Most consumers wouldn’t dream of buying a modified Rolex. They think Switzerland’s über-famous timepieces are perfect just the way they are. Thousands of wealthy Rolex buyers disagree. For them, perfection isn’t perfect enough. Like Oliver Twist, they want more . . .
They want a Rolex that’s unique. Different. Bespoke. And they don’t mind paying for the privilege. So they warm up their platinum credit card and commission a modded Rolex like one above. Well, not exactly like the one above.
It took Artisans de Genève two years, a hundred Swiss craftsman and a metric ton of money to create a see-through Rolex Daytona for Colombian F1 driver Juan Pablo Montoya. Given the amount of custom parts under glass, I reckon The Juan Pablo Montoya Project is a Rolex in name only. And soon, maybe not even that . . .
At the other end of spectrum: modders who don’t want to futz with their Swiss watch’s fabulous face. For them, bracelet mods are the thing. As you can see, engraved Oystersteel bracelets can be extraordinary in both detail and design. Critically, the finished product still speaks Rolex, telling the world je suis arrivé.
The temptation to mod the dial to match the bracelet – or the other way around – is irresistible. In this case, an artistan added Chronos’ face to the dial. (It can’t be Medusa. I’m not stoned.) Buyers seeking a less ornate, more modern modded Rolex are spoiled for choice – at the moment . . .
UK modder Wildman re-makes Rolex in basic black, with dials that complement the Darth Vader aesthetic. The Datejust above is a horological retro-mod, complete with “lustrous gold details that hark back to the much sought after early Rolex models with Gilt dials where gold text was prominent on the dials.”
Most of Wildman’s work isn’t so wild, but their bespoke department is ready to tock and roll. For the time being . . .
Germany’s Blaken also sells a range of badass black Rolex – and a $34k day-glo Rocketbyz Rolex Milgauss. The horological fruit of artist Tonyboy’s imagination is about as discreet as a Mohawk on a investment banker. Like the Electricianz funky AF watches, the Rocketbyz’s dial shines in UV light. So there is that. For now . . .
France’s Mad Paris modders are also no strangers to color – or gemological showmanship. They offer a range of custom bedazzeled Rolex. At least in theory . . .
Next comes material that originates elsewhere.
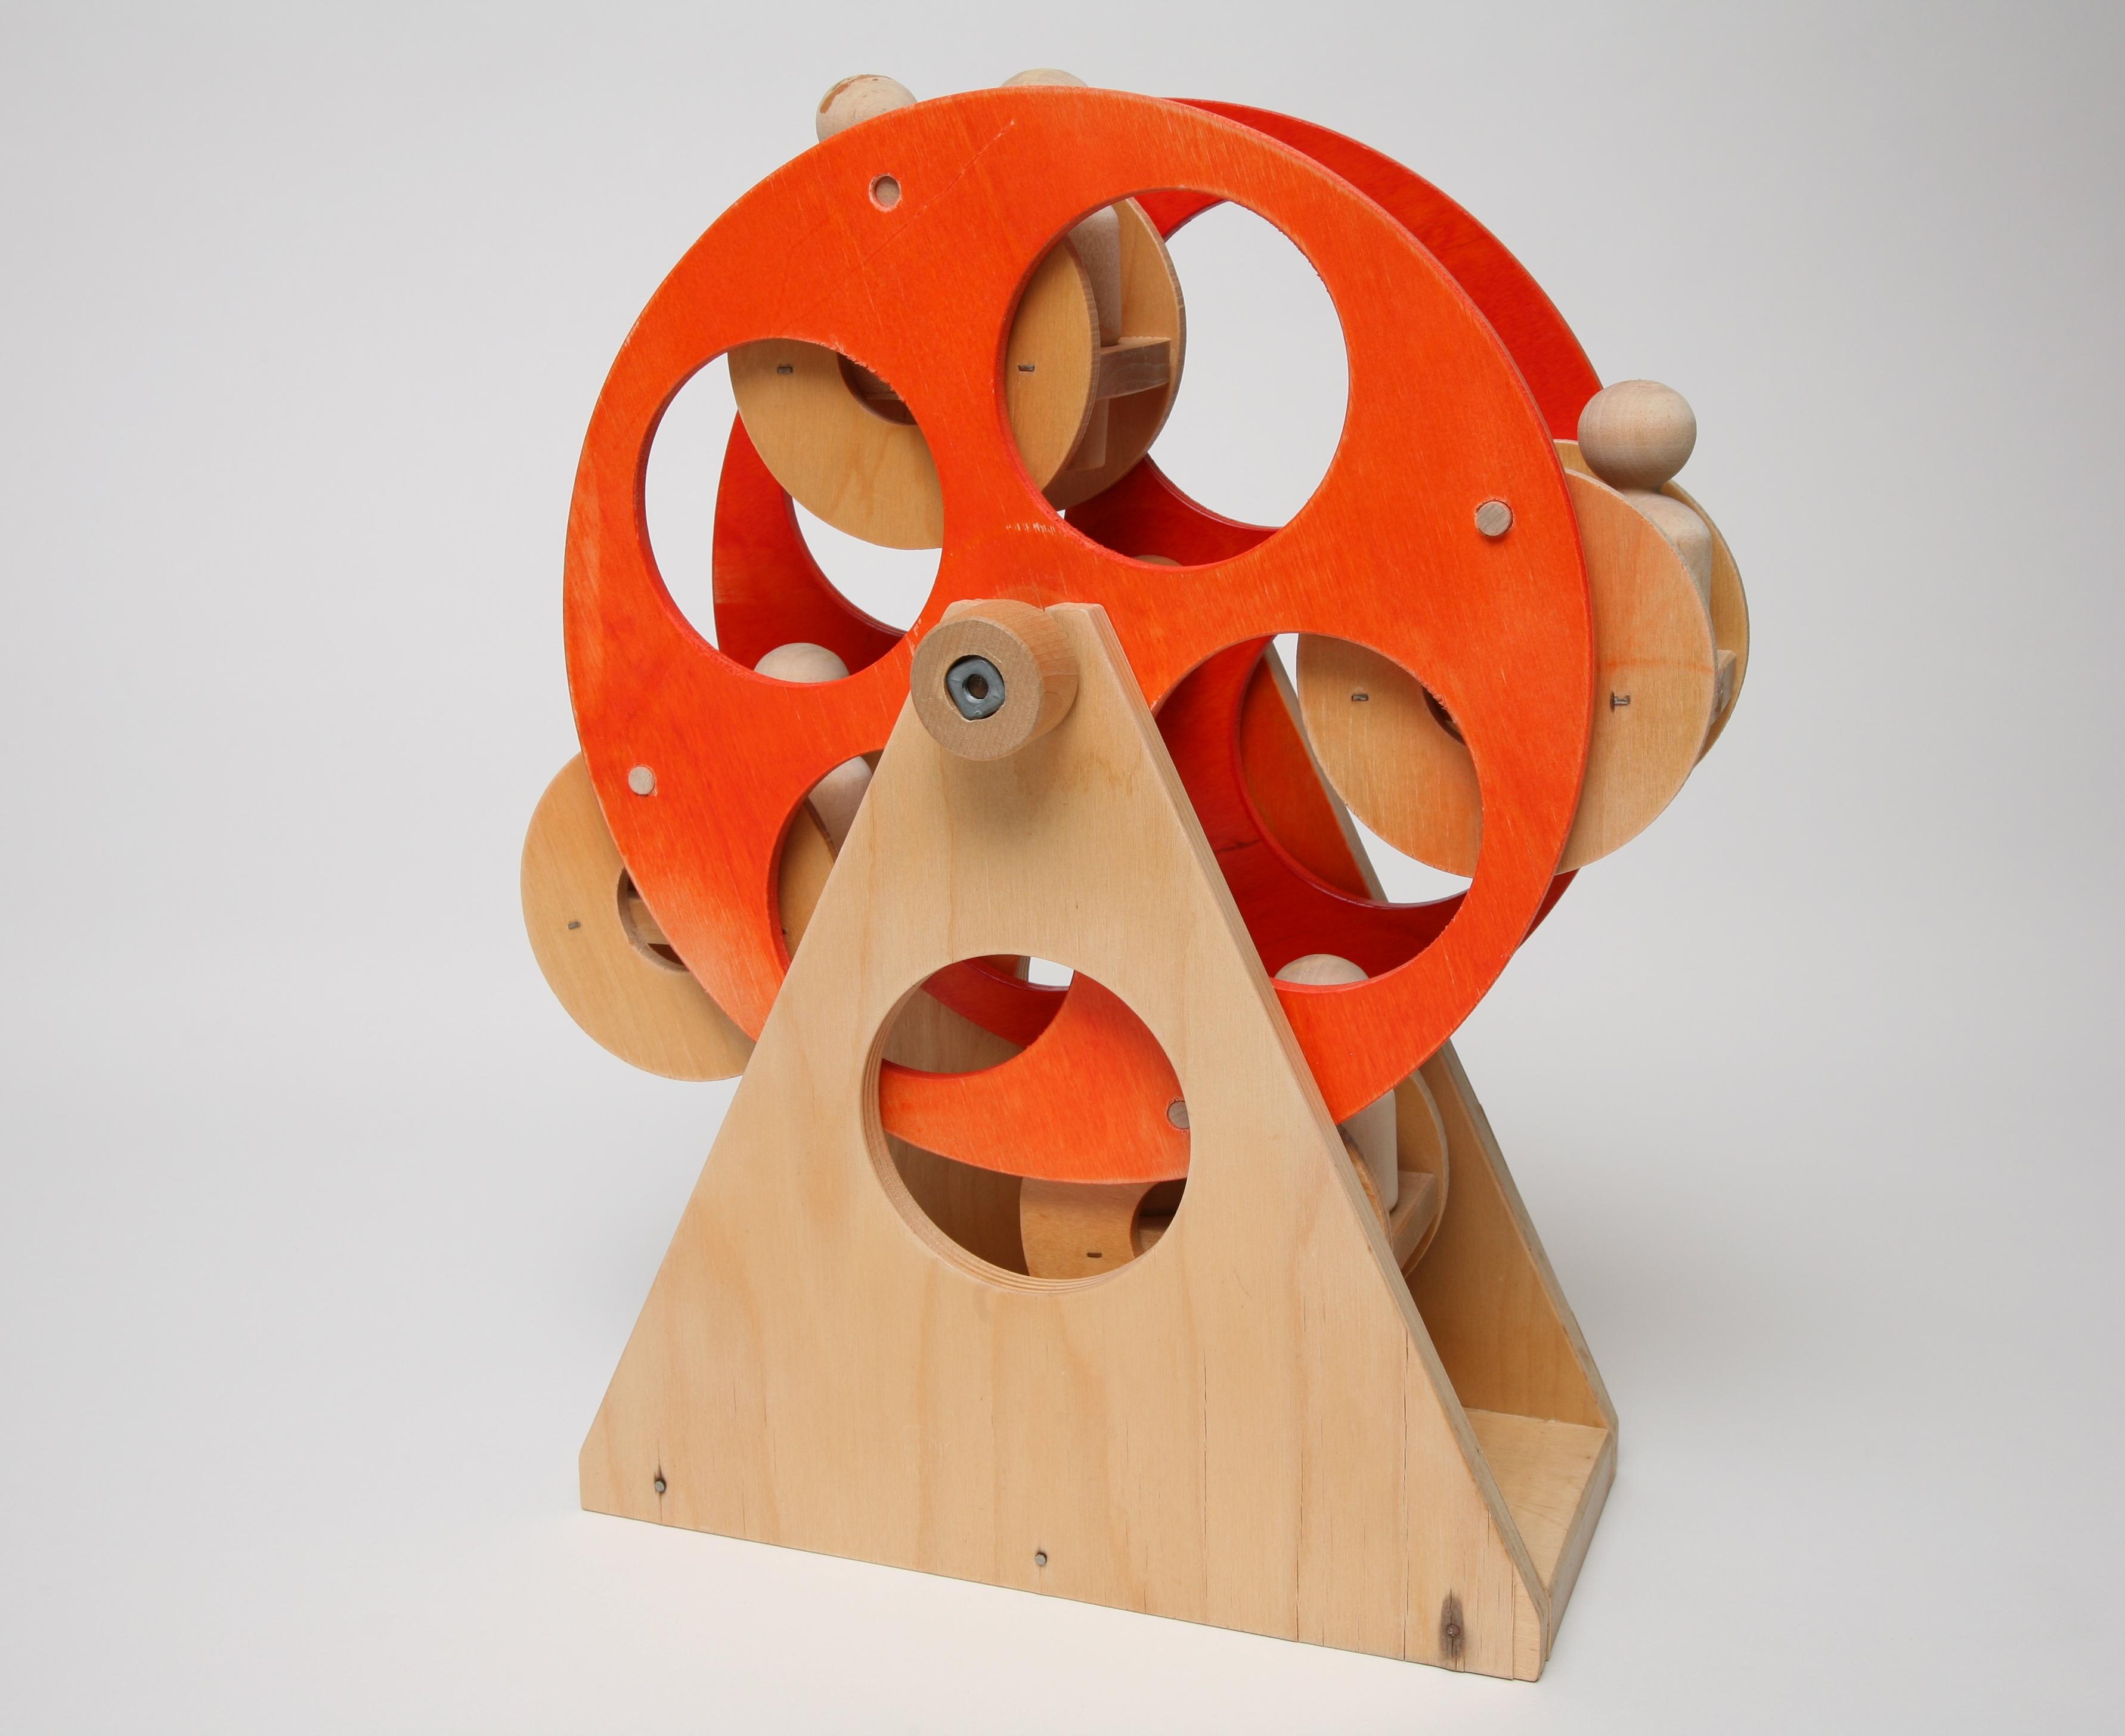 File:TCMI Creative Playthings Ferris Wheel.jpg - Wikimedia ...

Enough foreshadowing (a.k.a., death by ellipses). Here’s the dark cloud hanging over the entire Rolex modification industry.
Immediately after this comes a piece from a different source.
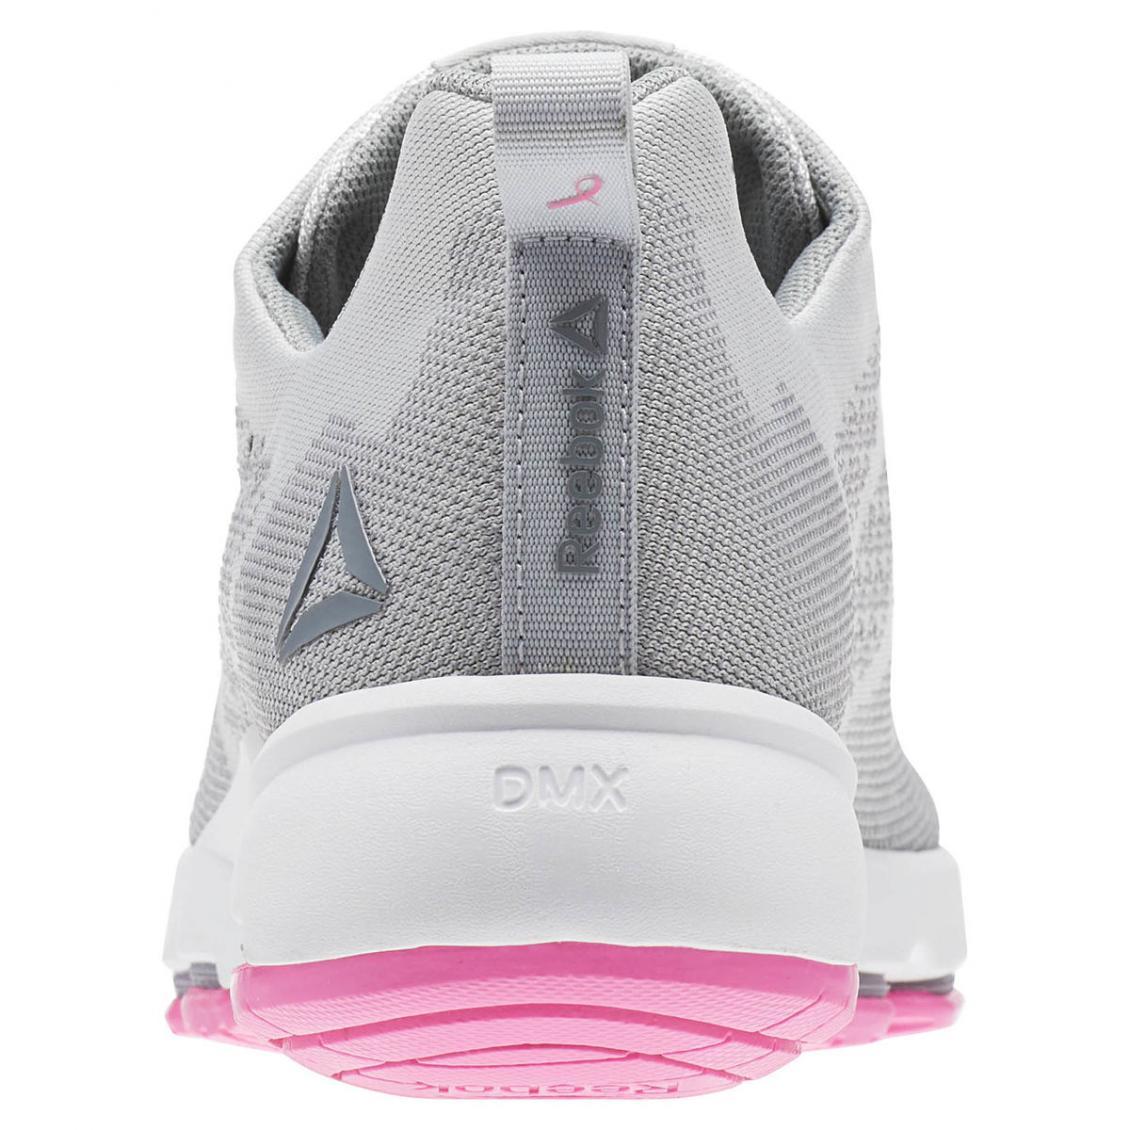 Grey – Reebok CloudRide LS DMX Womens Skull Grey / Flat Grey / White / Poison Pink

Last month, Rolex filed a lawsuit against laCalifornienne, purveyors of the colored OP above (and worse below). Rolex charged the modder with “engaging in a course of conduct likely to cause confusion, deception or mistake, or injure Rolex’s business reputation, diluting the distinctive quality of Rolex’s registered trademarks.”
Rolex argues that laCalifornienne is “benefitting and profiting from Rolex’s outstanding reputation for high quality products and its significant advertising and promotion of Rolex watches and the company’s trademarks, making it seem as though its watches are authorized, sponsored, or approved by Rolex when they are not.”
It’s not known if Rolex has served paper on other modders. Meanwhile, Blaken and Wildman have added legal disclaimers to their website’s landing page. Mad Paris’ landing page promises “Our new website will be online shortly.”
Is it curtains for Mad Paris, Wildman, Blaken and other Rolex modders? I wouldn’t bet against it. Switzerland’s most profitable watchmaker has pockets deeper than the Mariana Trench, and this ain’t Rolex’s first trademark infringement lawsuit rodeo.
If you fancy a modded Rolex act now – assuming you’re OK owning a Rolex without a warranty, a timepiece an authorized service center wouldn’t touch with a ten-foot spring bar tool. Modded Rolexes are, officially, counterfeits. And now, an endangered species.